Tangan Arden begitu lihai dalam mengetik di laptopnya, untuk mengerjakan pekerjaan di rumah sakit. Tapi mata Arden sekali kali tertuju ke buntalan daging yang sibuk menonton Upin Ipin di laptop.

"Bayi," gumam Arden.

Tok

Tok

Tok

Seseorang lelaki mengetok pintu kerja Arden, dengan malas Arden membuka pintu itu.

"Lama sekali," ucap Leonardo Guesst   Alexander. Putra tunggal keluarga Alexander.

"Ckk. Masih untung gue mau bukain."

Leon dan Arden duduk berhadapan, sama sama mengerjakan pekerjaan,sambil memeriksa data data pasien yang masuk hari ini.

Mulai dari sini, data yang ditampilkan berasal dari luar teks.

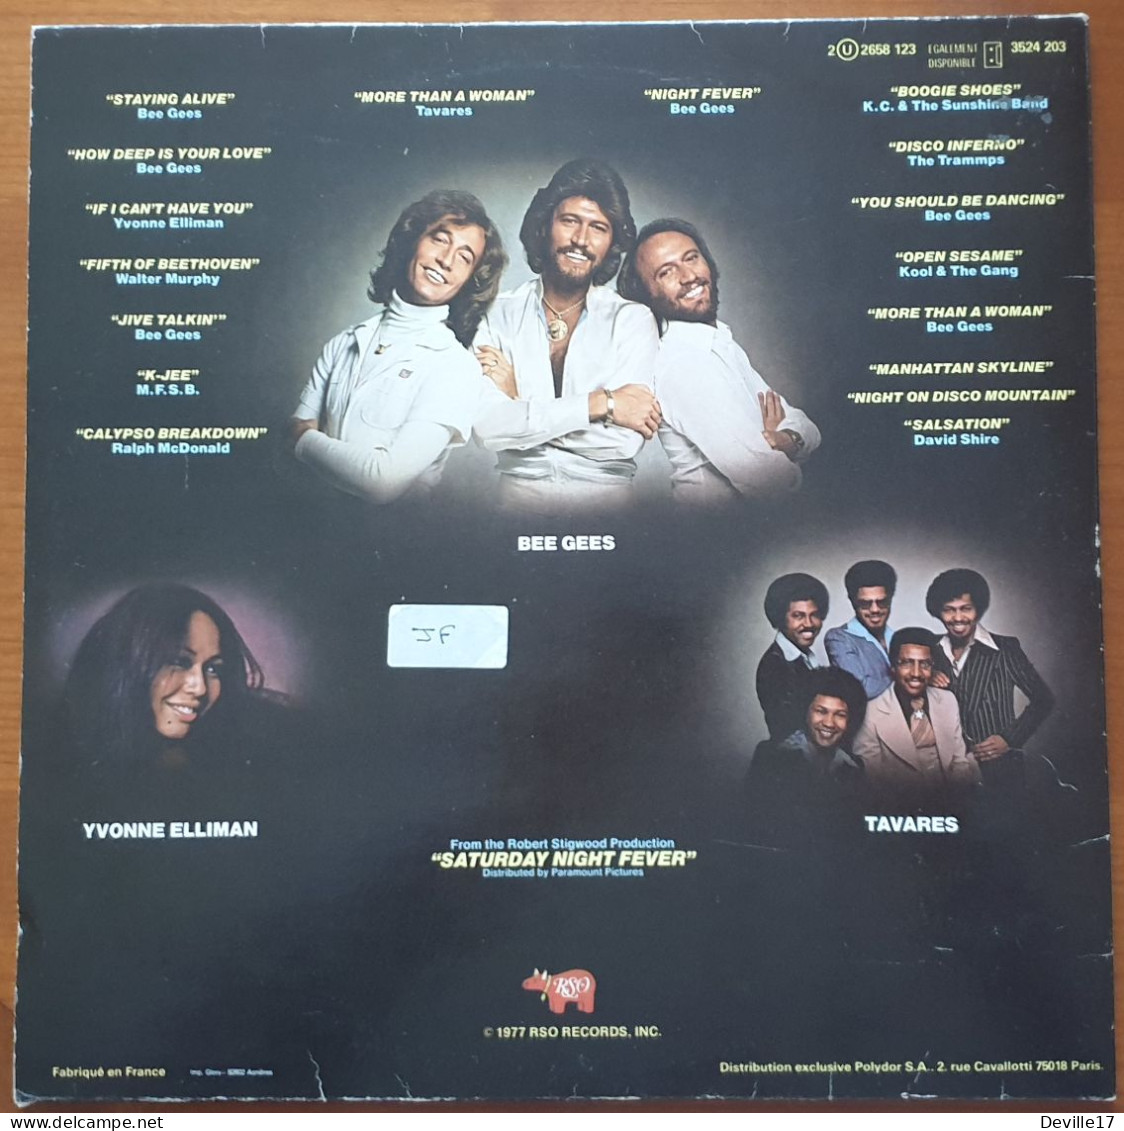 BEE GEES - DOUBLE ALBUM "SATURDAY NIGHT FEVER" - RSO RECORDS, INC - POLYDOR - 1977 - 2658 123 - Disco & Pop

Samar samar Leon mendengar suara ocehan seseorang, lalu Leon memandangi setiap sudut ruangan. Dan mata Leon langsung berhenti di tepat, Alvaro masih menonton.

"Gila ya, Lo. Selama ini, menyembunyikan rahasia sebesar ini." Leon masih Fokus menatap punggung Alvaro. Karena posisi nya, tempat Alvaro itu, beberapa jarak dari meja kerja Arden.

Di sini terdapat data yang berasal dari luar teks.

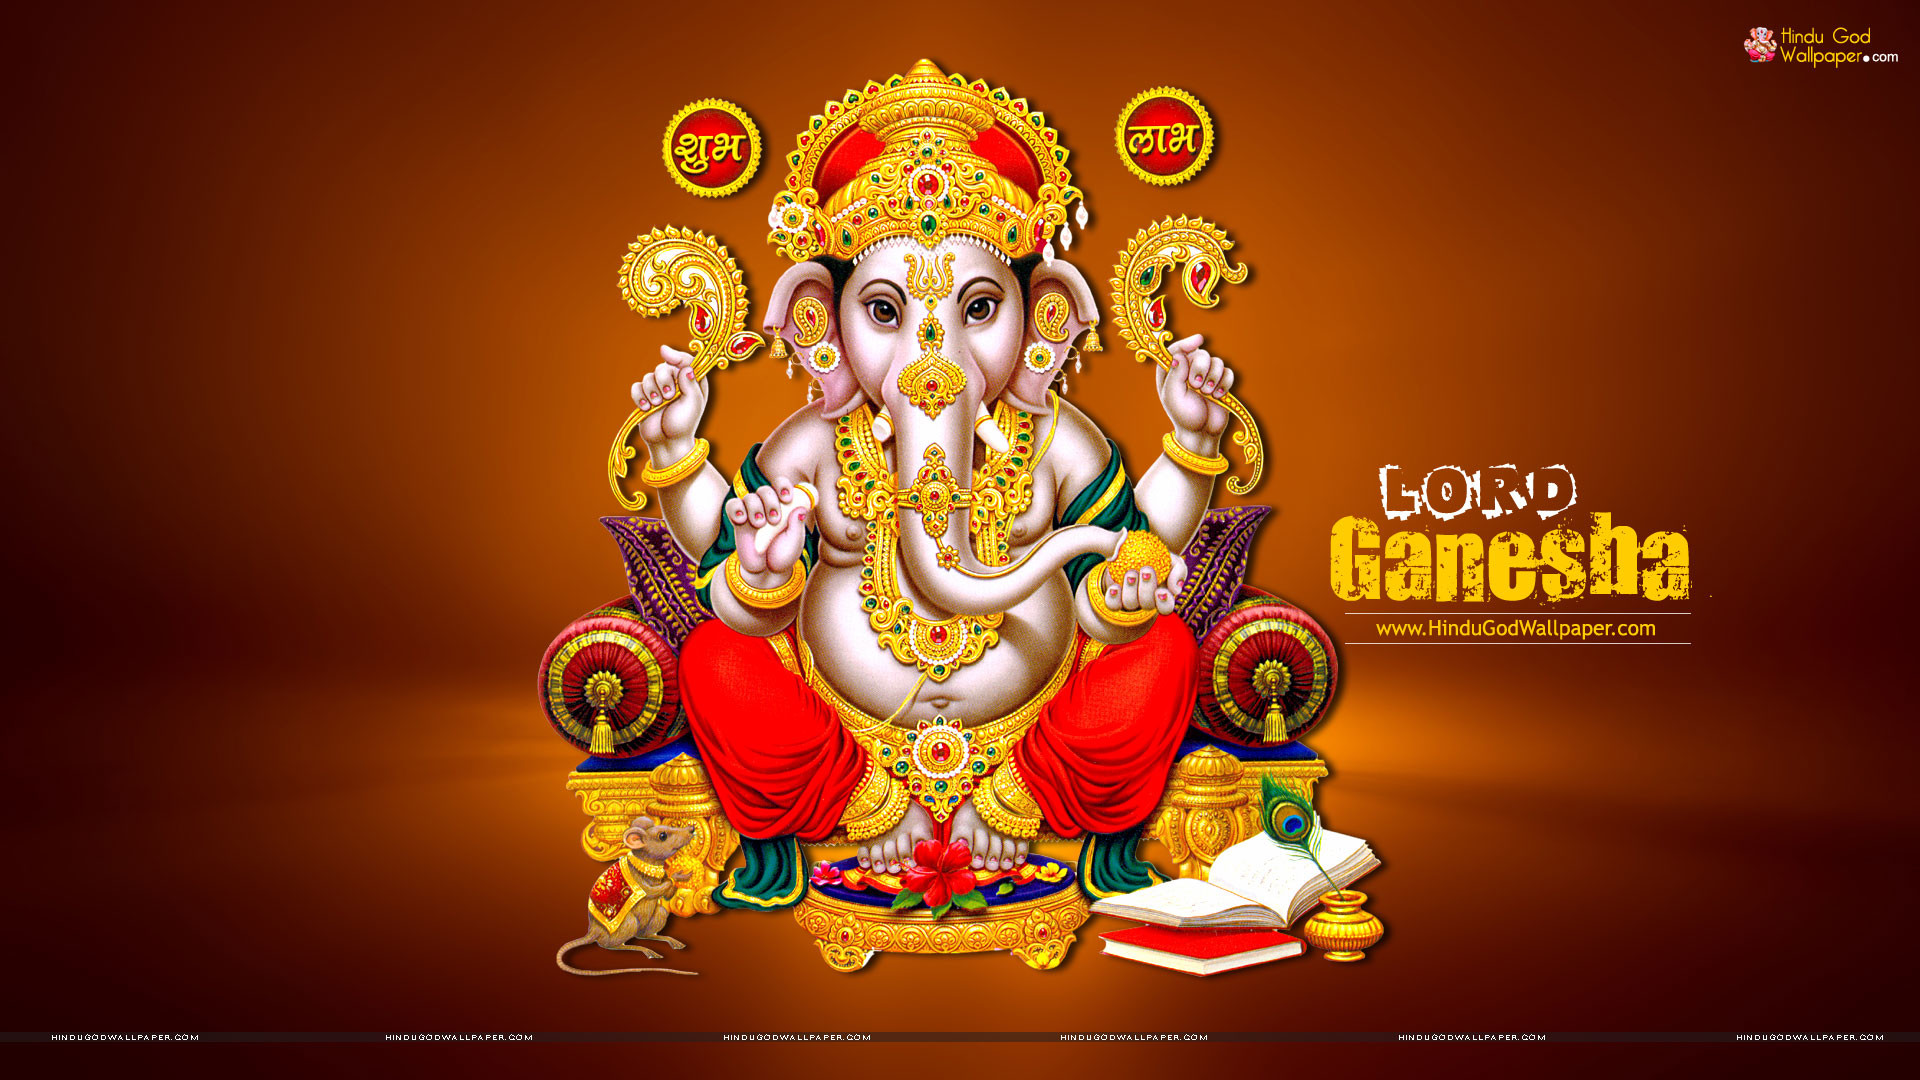 Data-src - Hindu God Images Hd Ganesha - 1920x1080 Wallpaper

Arden menatap Leon dengan tatapan dingin dan tajam,"maksud, Lo! Rahasia apa?"

"Itu anak Lo, kan. Ngaku nggak!" Tunjuk Leon ke Alvaro.

Alvaro yang mendengar itu, langsung membantah perkataan Leon.

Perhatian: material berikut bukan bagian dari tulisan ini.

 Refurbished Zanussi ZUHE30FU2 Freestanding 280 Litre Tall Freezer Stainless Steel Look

"Enak aja, bilang anak. Adek nya!" Sahut Alvaro, Tanpa melihat lawan bicaranya.

Leon makin di buat binggung "adek? Sejak kapan. Bukannya adek Lo, cuma Aldo."

"Gue males buat jelasin, intinya dia Alvaro Louis Gabriel, adek bungsu gue."

Leon menggaruk tengkuk kepalanya,
"Nggak paham, gue Den."

"Kalau ngak paham, ya! Terserah. Itu mah, DL! Derita Lo." Alvaro sudah tidak mood menonton dan lebih memilih naik ke pangkuan Arden.

"Umur berapa?" Tanya Leon.

"15," jawab singkat Alvaro.

"Hah? Kok kecil."

"Apanya yang kecil. Eh, asal Lo tahu ya, kecil kecil gini cabe rawit." Alvaro merasa Kesal di bilang kecil.

"Badan lo. Kok bisa sih,  jadi adek nya Arden?"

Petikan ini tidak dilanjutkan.